Henry Clay Plasterer Family


People, your Auntie has a terrible addiction.  It’s called Ancestry.com, the genealogy/family history website.  It is my crack.

You may laugh. But I am not alone. And for those of you who know me, you will realize that it’s a perfect storm of addiction when I tell you that it combines

  • Mysteries
  • Biographies
  • History
  • Family
  • Research

as well as pictures (sometimes), evidence (in many cases) and INSTANT GRATIFICATION, all from the privacy of your own computer or smartphone, because of course they have an app.

Let me tell you something:  you have not LIVED until you have stayed up till three a.m. clicking little shaky-leaf hints, trawling through grand-uncles and sloppy handwritten 1850 censuses and blurry images of gravestones that might be my relatives to find OMG FOUR PICTURES OF MY GREAT-GREAT-GRANDMOTHER THAT I’VE NEVER SEEN BEFORE! And my cousin looks EXACTLY LIKE HER!


I can stop any time I want to.  Except I will NEVER WANT TO!!! I’m not even sorry, really, except I really should not let it interfere with my sleep quite as much as I have over the years.
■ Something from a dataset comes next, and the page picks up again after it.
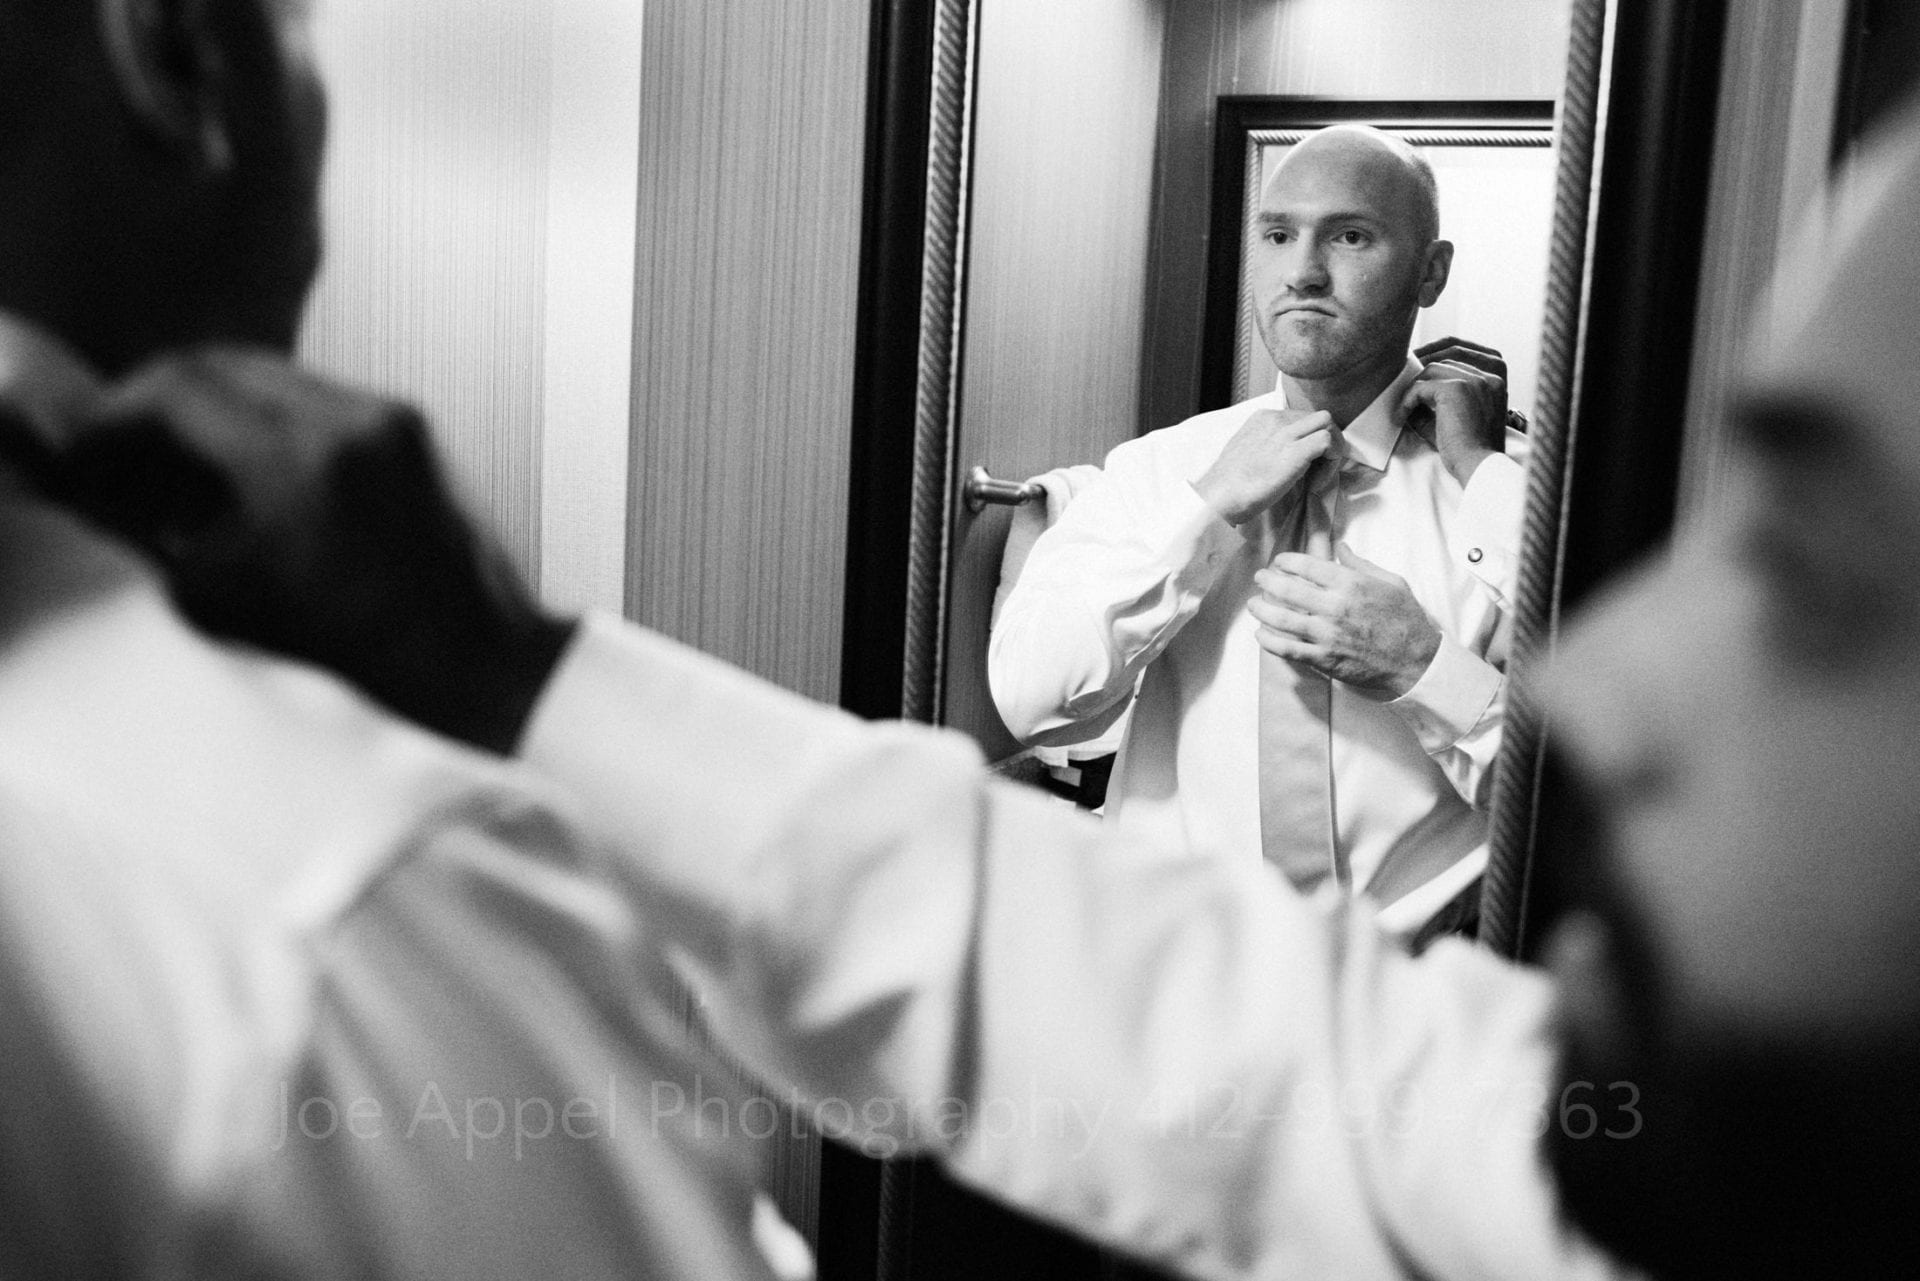 A groom with a shaved head adjusts his tie in a mirror as a friend fixes his collar for him.

I really shouldn’t.  But will that change anything? Probably not.

Because there’s a comfortable feeling of righteousness that goes along with my Crackcestry addition.  I am not up playing Candy Crush Saga into the wee hours of the morning; I am Doing Research and finding out Family History.  I am doing it for Posterity.  I am Helping Other People Learn About Their Families.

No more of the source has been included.